= EXERCISE PROMPT =
All of the data goes into your copy exactly as written. Images do not.

= GIVEN DATA =
════════════════════

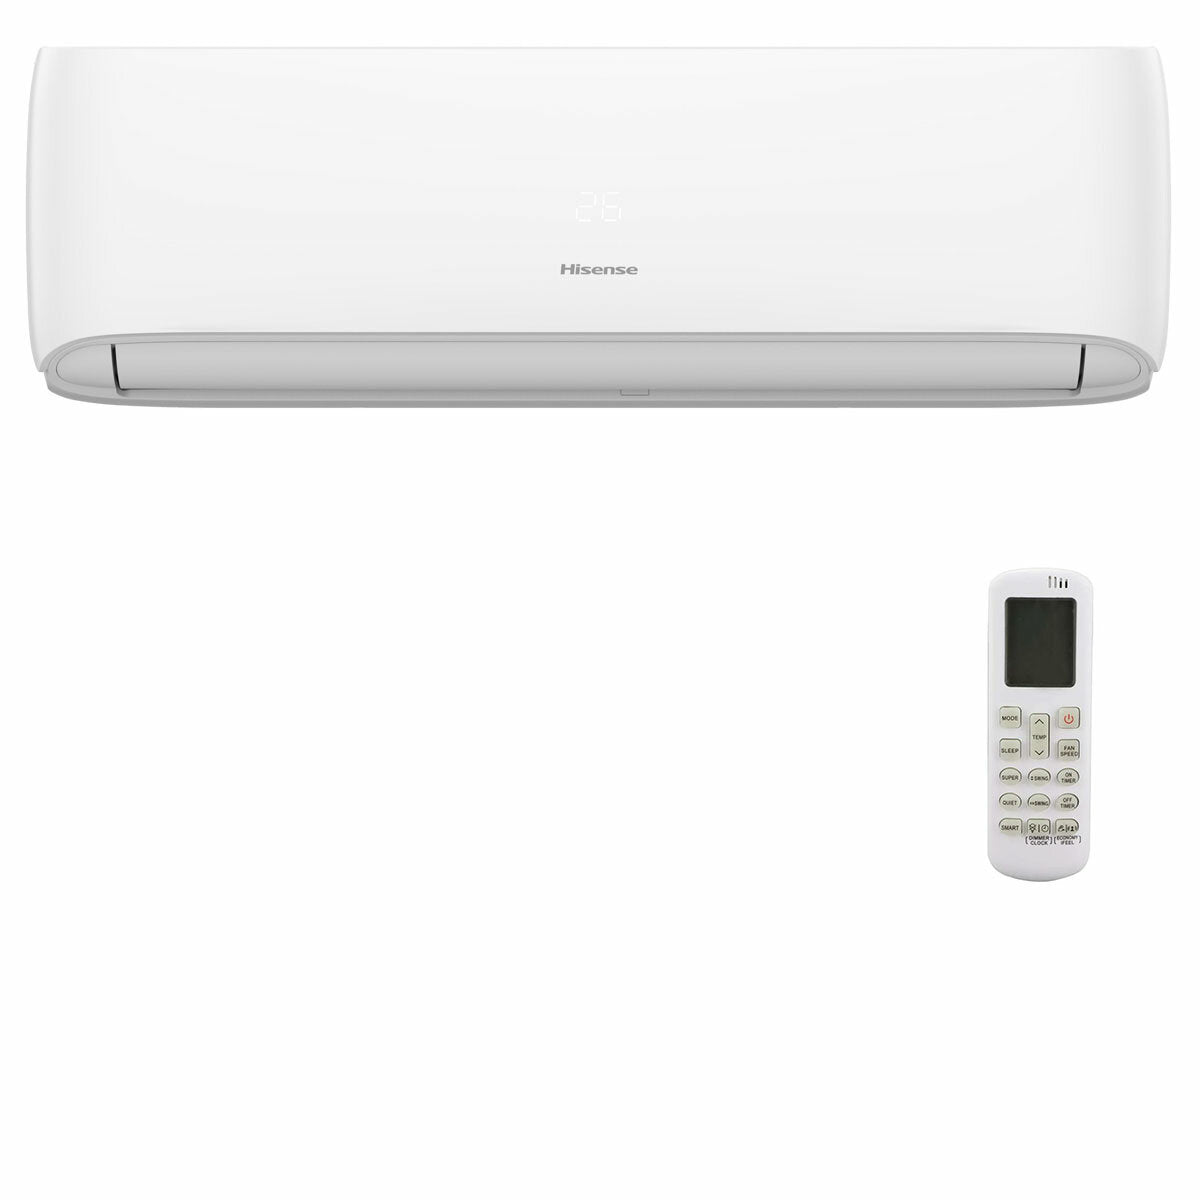 Hisense Hi-Comfort quadri split air conditioner 7000 + 9000 + 9000 + 24000 BTU wifi inverter outdoor unit 12.5 kW
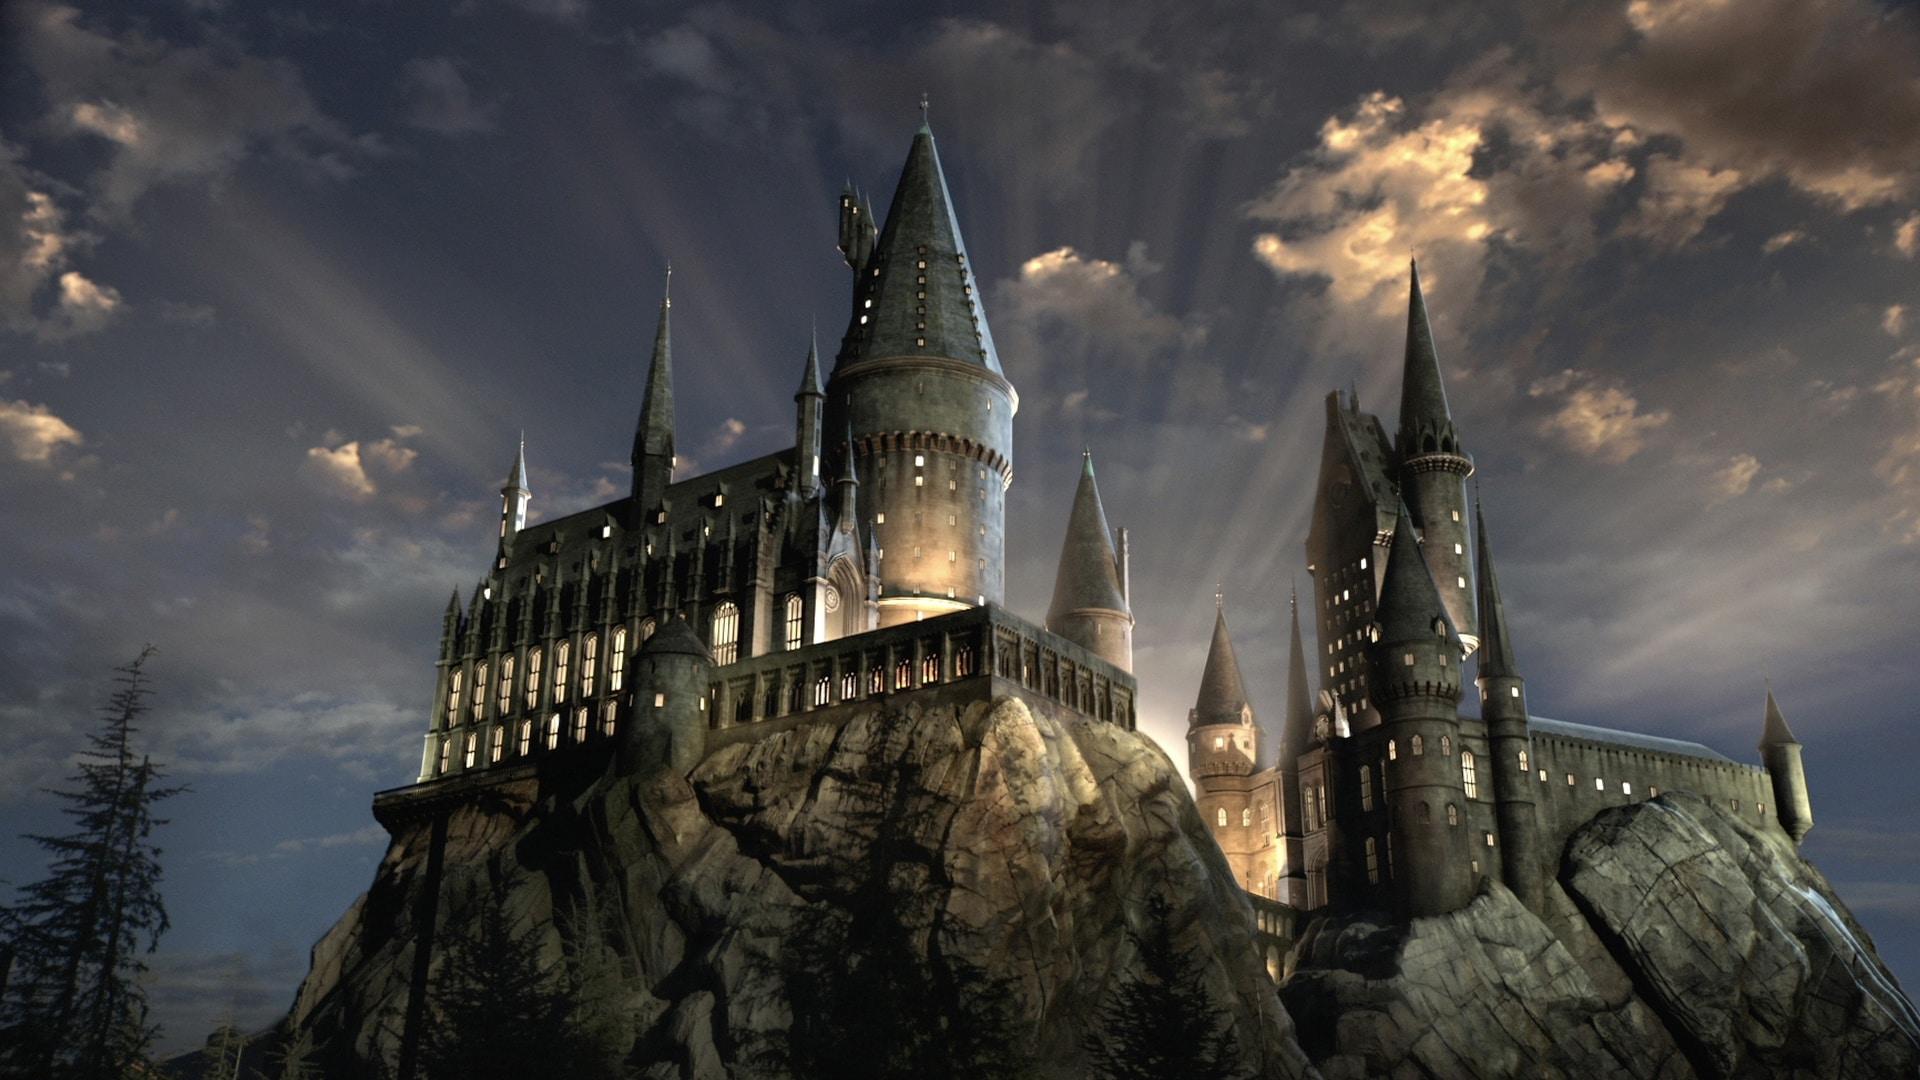 Animais Fantásticos e Onde Habitam 2 deve ter cenas em Hogwarts [RUMOR]
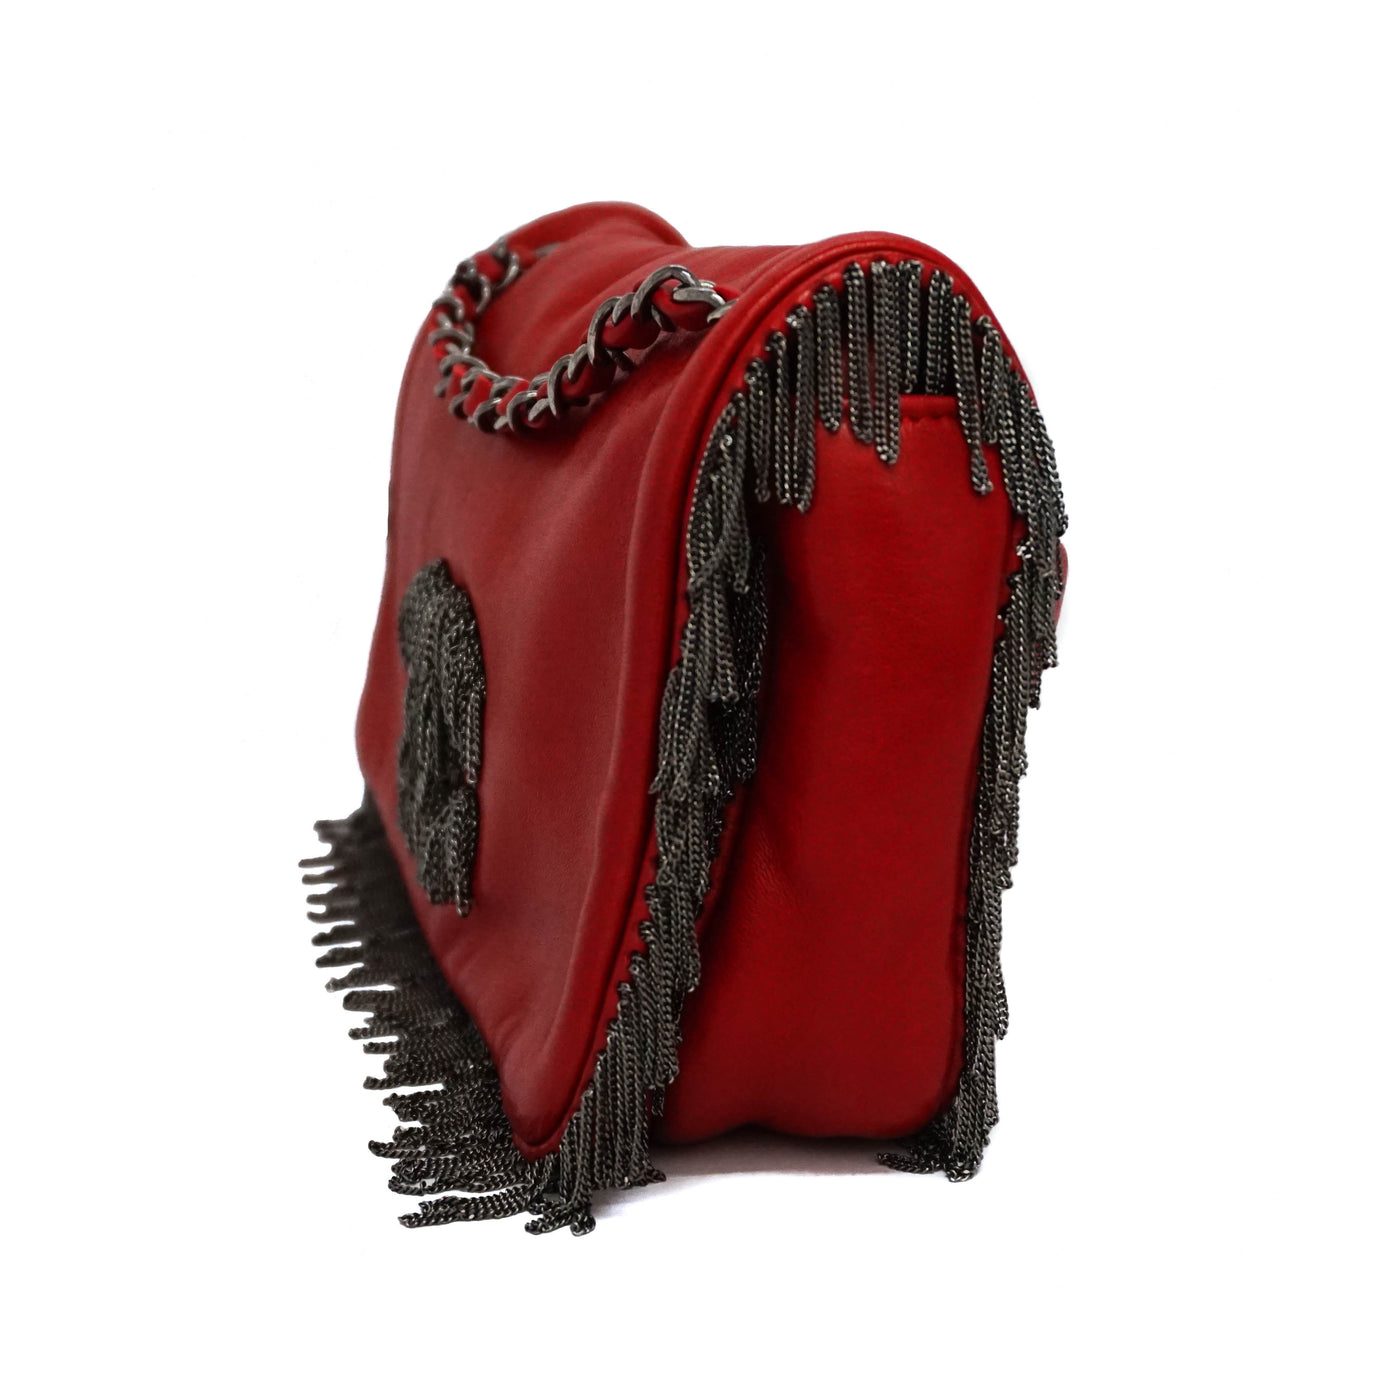 Chanel Red Calfskin Rare Fringe Flap Bag
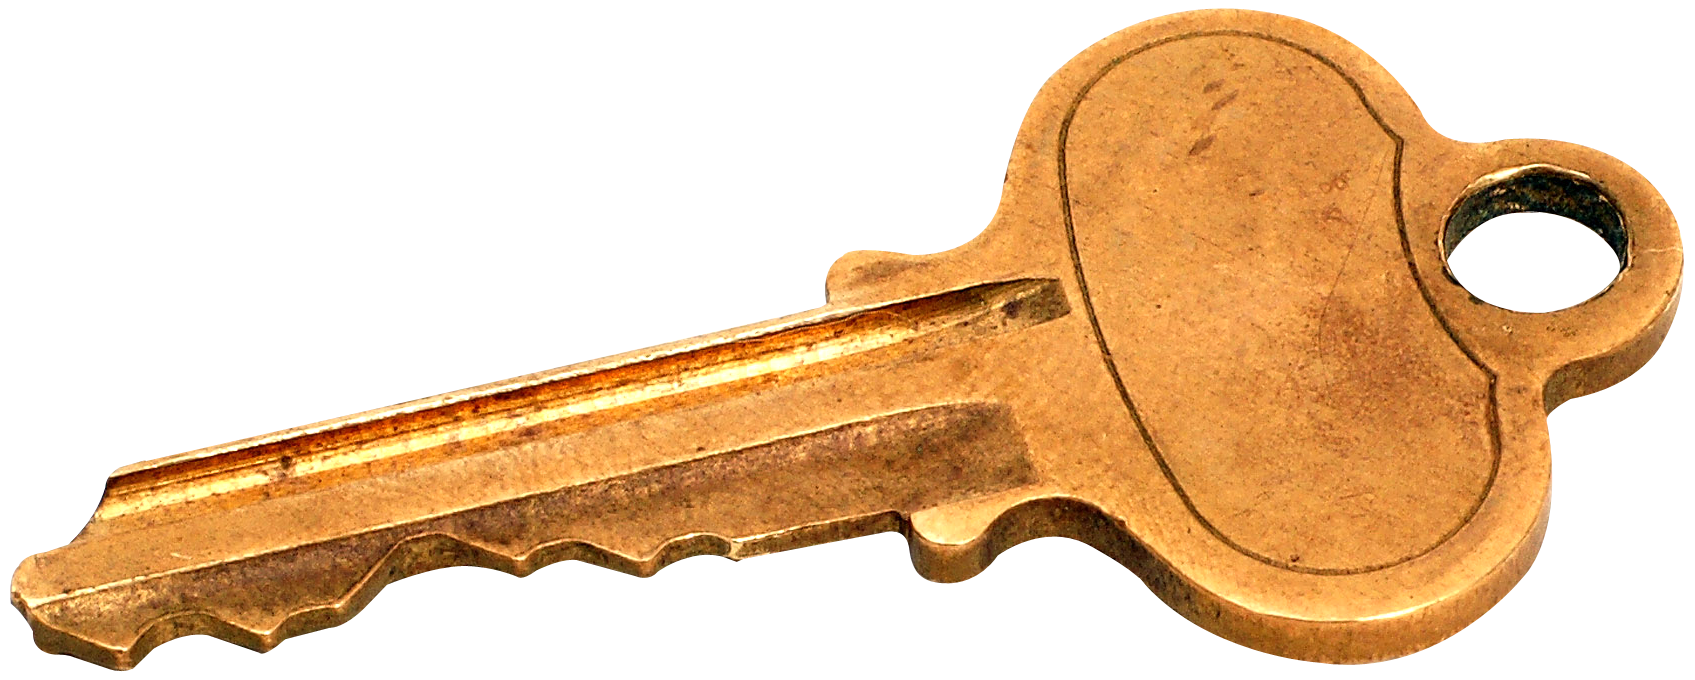 Old Key PNG Transparent Image

════════════════════

= RESPONSE =
 Hisense Hi-Comfort quadri split air conditioner 7000 + 9000 + 9000 + 24000 BTU wifi inverter outdoor unit 12.5 kW
 Animais Fantásticos e Onde Habitam 2 deve ter cenas em Hogwarts [RUMOR]
 Chanel Red Calfskin Rare Fringe Flap Bag
 Old Key PNG Transparent Image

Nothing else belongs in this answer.